R. GEETHA RAMANI1, Shanthi SELVARAJ2
1 Anna University (CEG Campus)
Guindy, Chennai, Tamilnadu, 600 025, India
rgeetha@yahoo.com
2 Rathinam Technical Campus
Coimbatore, Tamilnadu, 641 021, India
psshanthiselvaraj@gmail.com

Abstract: Road accident analysis is very challenging task and investigating the dependencies between the attributes become complex because of many environmental and road related factors. An exhaustive research is being conducted to identify the optimal factors which influence fatal accidents. In this paper we propose a novel methodology called Voting Algorithm for Aggregated Feature Selection (VAAFS) which selects an optimal number of significant features with majority votes identified by more than one Feature Mining algorithms. The optimal features selected by VAAFS will be then extended to the classifiers over an Indian road accident data set obtained from the Coimbatore City Traffic Head Quarters, Tamilnadu, India and with international datasets obtained from Fatality Analysis Reporting System (FARS), USA, and the STATS19 data collection system, maintained by the of United Kingdom (UK) to model the accident severity. The output from VAAFS shows that type of vehicle, high risk road users like pedestrian and two wheelers, young road users, government holidays, selected week days, manner of collision, seating position etc. are most significant factors in modeling Accident Severity. The proposed method is highly successful in reducing misclassification error rate and to improve the predictive accuracy with optimal features than the previous studies. It seems very promising for observing road accident patterns.

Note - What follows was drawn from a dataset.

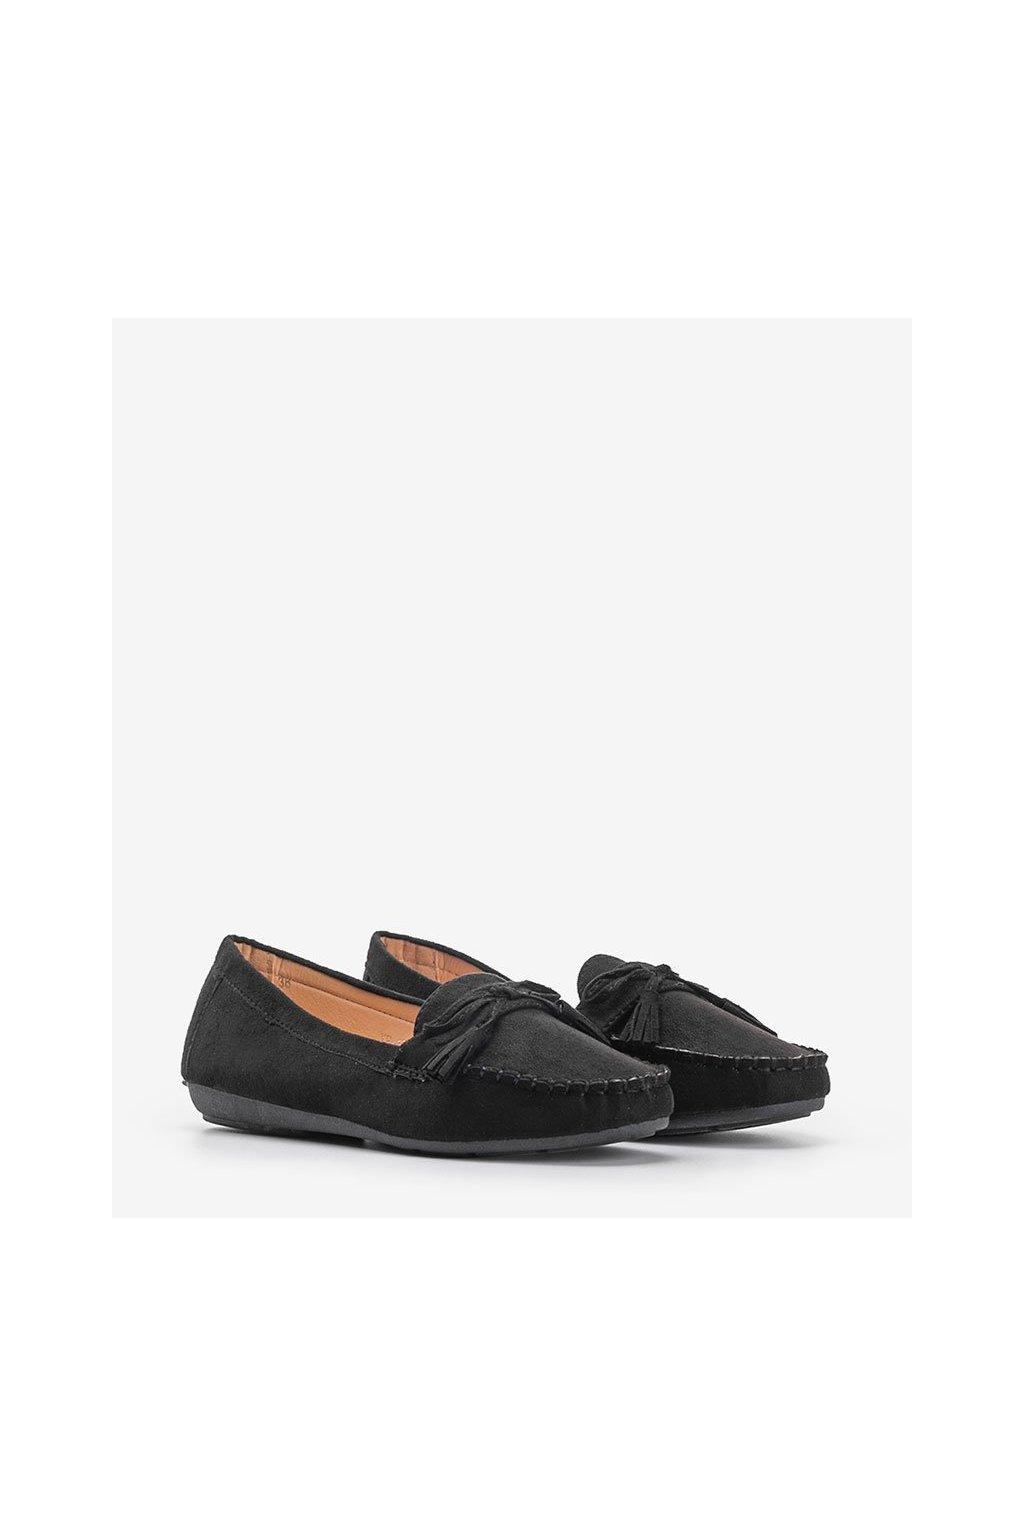 Dámske topánky mokasíny čierne kód XR-12R-1 - GM

Keywords: Chi-Square, Classification, Ensemble, Fatality, Feature Selection, Majority Voting, Road Accidents.

>>Full text
CITE THIS PAPER AS:
R. GEETHA RAMANI, Shanthi SELVARAJ, A Pragmatic Approach for Refined Feature Selection for the Prediction of Road Accident Severity, Studies in Informatics and Control, ISSN 1220-1766, vol. 23 (1), pp. 41-52, 2014. https://doi.org/10.24846/v23i1y201405

1. Introduction

The costs of fatalities and injuries due to traffic accidents have a great impact on society. World Health Organization (WHO, 2009) predicts that road collisions will jump from the ninth leading cause of death in 2004 to the fifth in 2030. Road accidents have earned India a dubious distinction. More people die in road accidents in India than anywhere else in the world. According to the report of National Crime Records Bureau (NCRB), India, the total number of deaths every year due to road accidents has now passed the 1,35,000 mark. About 60,000 lives are lost every year in road accidents and this rate is 25 times more than that of the U.S.A. The alarming rate of increase of fatality due to road-accidents in the country warrants a method to understand the causes users and their behavior.

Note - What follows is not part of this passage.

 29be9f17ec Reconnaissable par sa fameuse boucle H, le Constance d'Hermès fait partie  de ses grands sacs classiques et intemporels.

Road traffic accident is under the influence of many factors. With an exponential growth of population, number of vehicles and the need for their use, understanding the multiple causes of road accident fatalities has become more significant especially in the advent of sophisticated technology [20]. In recent years, with the growth of the volume and travel speed of road traffic, the number of traffic accidents, especially severe crashes, has been increasing rapidly on a yearly basis [13]. Identification of these factors can help improve the overall driving safety situation, not only by preventing accidents but also by reducing their severity [14]. It is crucial for engineers to extract useful information from existing data to analyze the causes of traffic accidents, so that traffic administrations can be more accurately informed and better policies can be introduced [19].

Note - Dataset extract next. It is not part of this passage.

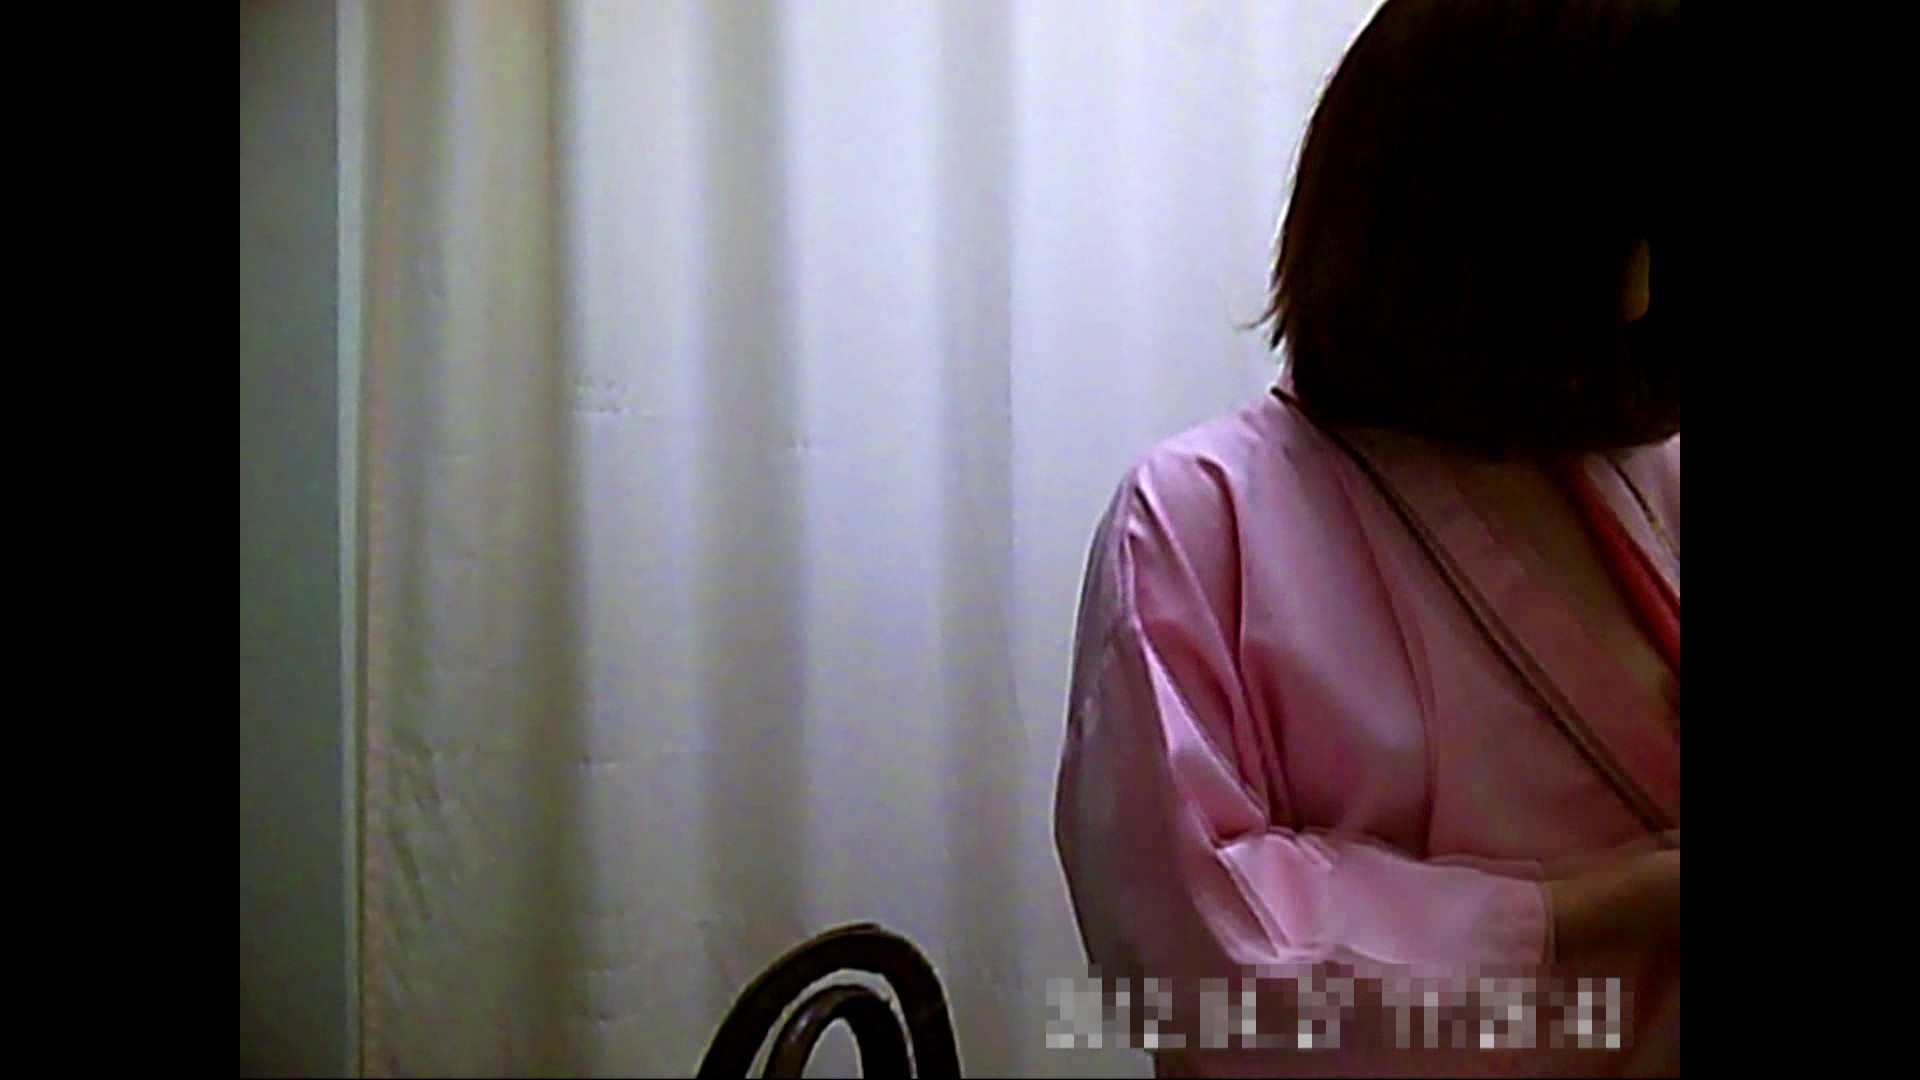 元医者による反抗 更衣室地獄絵巻 vol.004 お姉さん  104PIX 3

The characteristics and availability of fatal road-crash databases have been listed worldwide [17]. Among the listed databases most of the databases are having only summary data rather individual accident information. The ever increasing tremendous amount of data has far exceeded human ability for comprehension without the use of powerful tools [10]. Data mining is the process of analyzing data from various perspectives and summarizing it into useful, meaningful and related information [10, 7]. This information can then be seen as a kind of outline of the input data, and can be used in further investigation or can be applied in the field of machine learning and predictive analytics. There are many data mining algorithms and tools that have been developed for feature selection, classification and clustering. These algorithms are used to discern and uncover knowledge patterns and make out significant and meaningful information associated with the application domain. Though, many studies have dealt this problem, lack of consensus is still visible for analyzing such data sets. This is further augmented with the complex features due to varied geographical, environmental, and social practices. In this paper, a new novel method of traffic accident data mining, based on aggregated voting method and through a comparative analysis of a variety of traffic accident data mining techniques, is put forward to identify the significance of different attributes and their respective values. The proposed method is validated on an Indian Accident data set and a foreign data set. Precisely this work has the following objectives:

  1. it makes an attempt to initiate a scientific process through data mining tools effectively and to provide reasonable findings for traffic management for a site-specific purpose;
  2. a novel accident severity prediction framework for accident datasets with enhanced prediction accuracy is proposed;
  3. a set of optimal and significant features are identified to predict accident severity;
  4. the performance of machine learning algorithms, binary class categorization of two accident datasets have been compared and evaluated.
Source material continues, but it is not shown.